Inhale, exhale… Properly
Breath work practitioner Alice Moore shows you how.
Alternate nostril breathing
Begin each day with this mindful breathing practice to help you transition out of sleep feeling calm and clear-headed.
Sit up comfortably in bed or on the floor with your legs crossed. Place your left hand on your left knee and lift up your right hand. Exhale all air from your lungs then gently close the left nostril with your third finger. Inhale through the right nostril then close that nostril with your thumb and exhale through your left nostril. Then inhale through the left nostril and repeat the cycle for five minutes. Always finish with an exhale on the left side.
Throughout the day
The 5-5-3 method
When done regularly, this simple technique will help you breathe better, as well as regulating your nervous system and stress levels. Aim for three times a day, every day, ideally before eating. Do it while making tea or showering.
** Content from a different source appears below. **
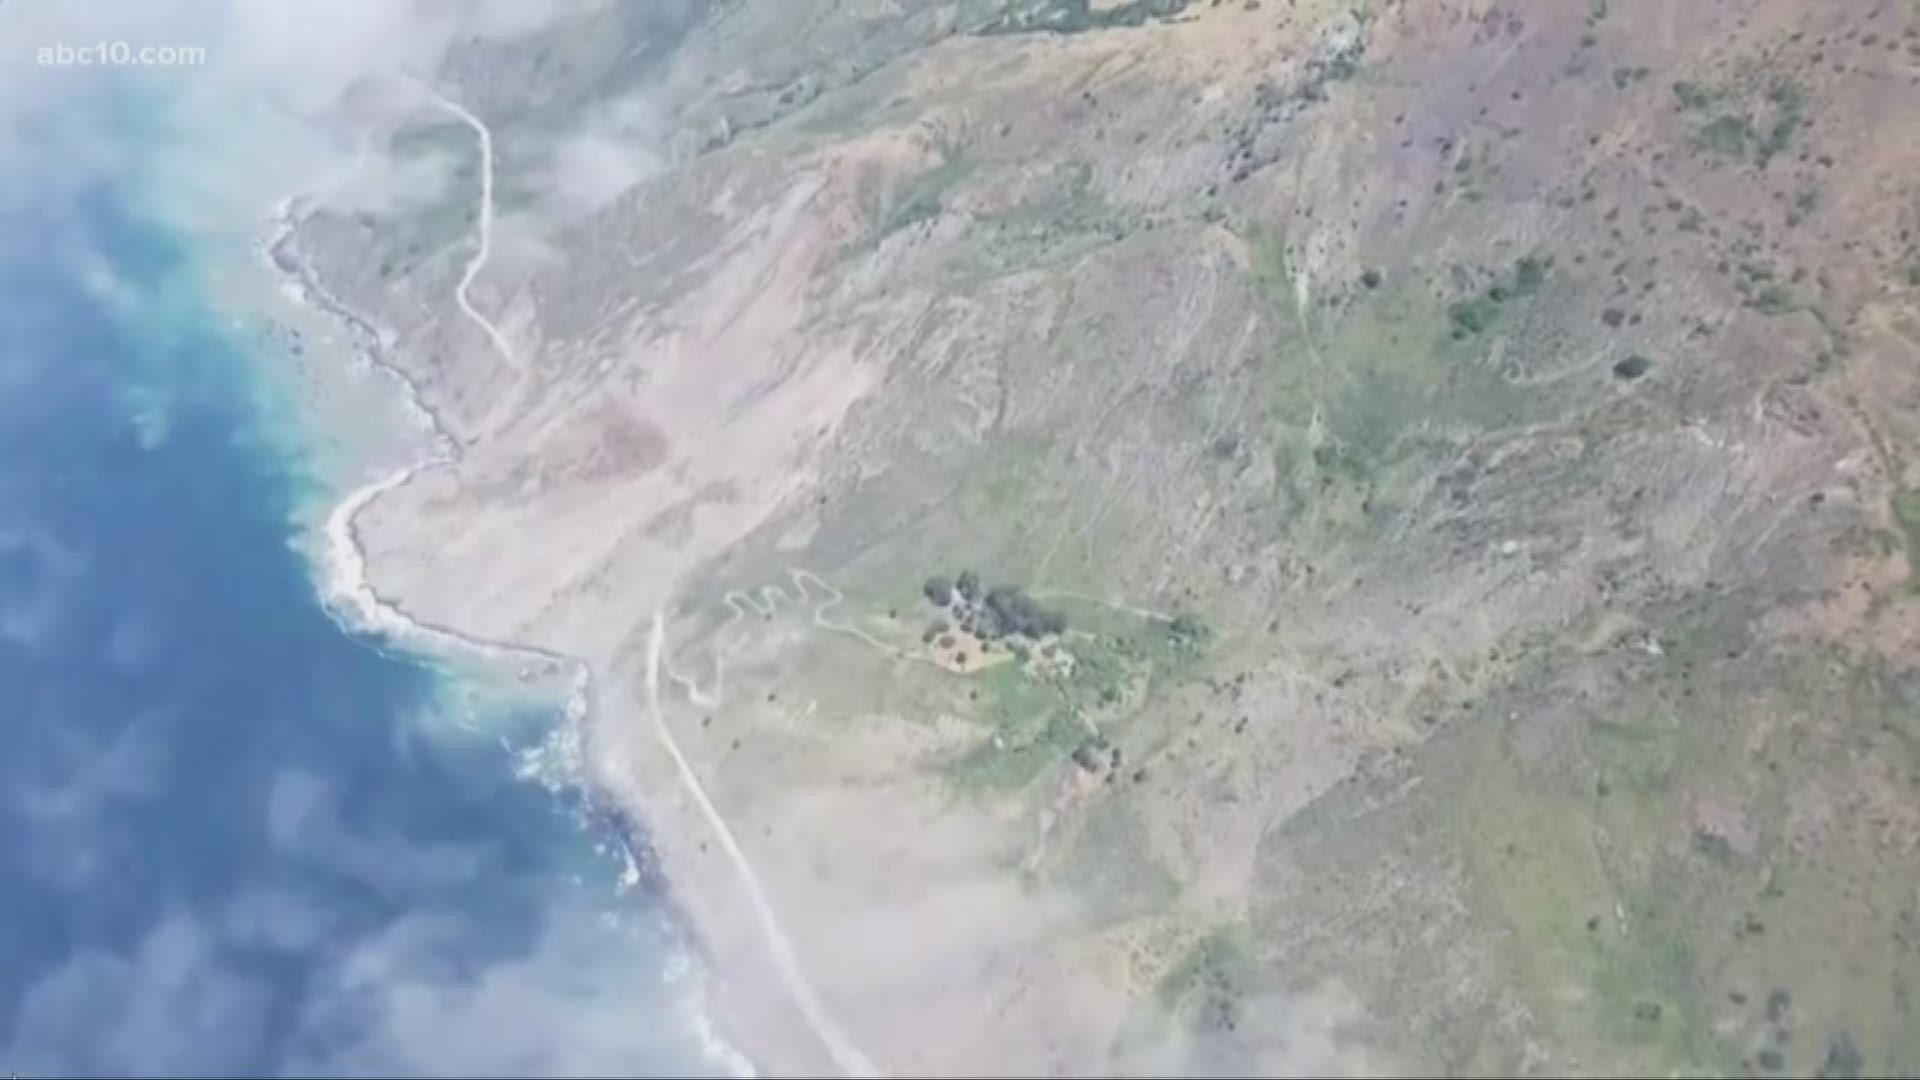 A scenic stretch of Highway 1 in a popular tourist area along the California coast reopened to traffic Wednesday, more than a year after it was blocked by a massive landslide, officials said.

Breathe in through the nose for five seconds and out through the mouth for five seconds. Repeat this for five minutes.
Also called box breathing, 4 x 4 breathing or four-part breath, this is often used to bring people down from a panic attack (replacing the brown paper bag method). Use it if you feel stressed or anxious during the day.
Find something square, such as a picture frame, to help visualise your breaths and focus on the moment. The technique is so named because each repetition of it has four parts, like a box. Start by slowly exhaling all of your air out, then inhale for four seconds. At the top of your breath, hold for four seconds, then exhale through your mouth for four seconds. At the bottom of your breath, hold for a final four seconds. Repeat as needed until you feel calm.
Soft belly breathing
Also known as abdominal or diaphragmatic breathing, this can help reduce tension in the neck and shoulders. It can also prepare you for sleep.
Sit or lie somewhere comfortable. If sitting, make sure your knees are bent, your back is relatively straight and your head, neck and shoulders are relaxed. If lying, bend your knees up. Place your hands on your belly, with your thumbs at the navel and your fingertips just below. Allow the belly to expand under your fingertips on the inhale and contract on the exhale. Picture a wave: it rises as the belly does and returns to the ocean as you breathe out.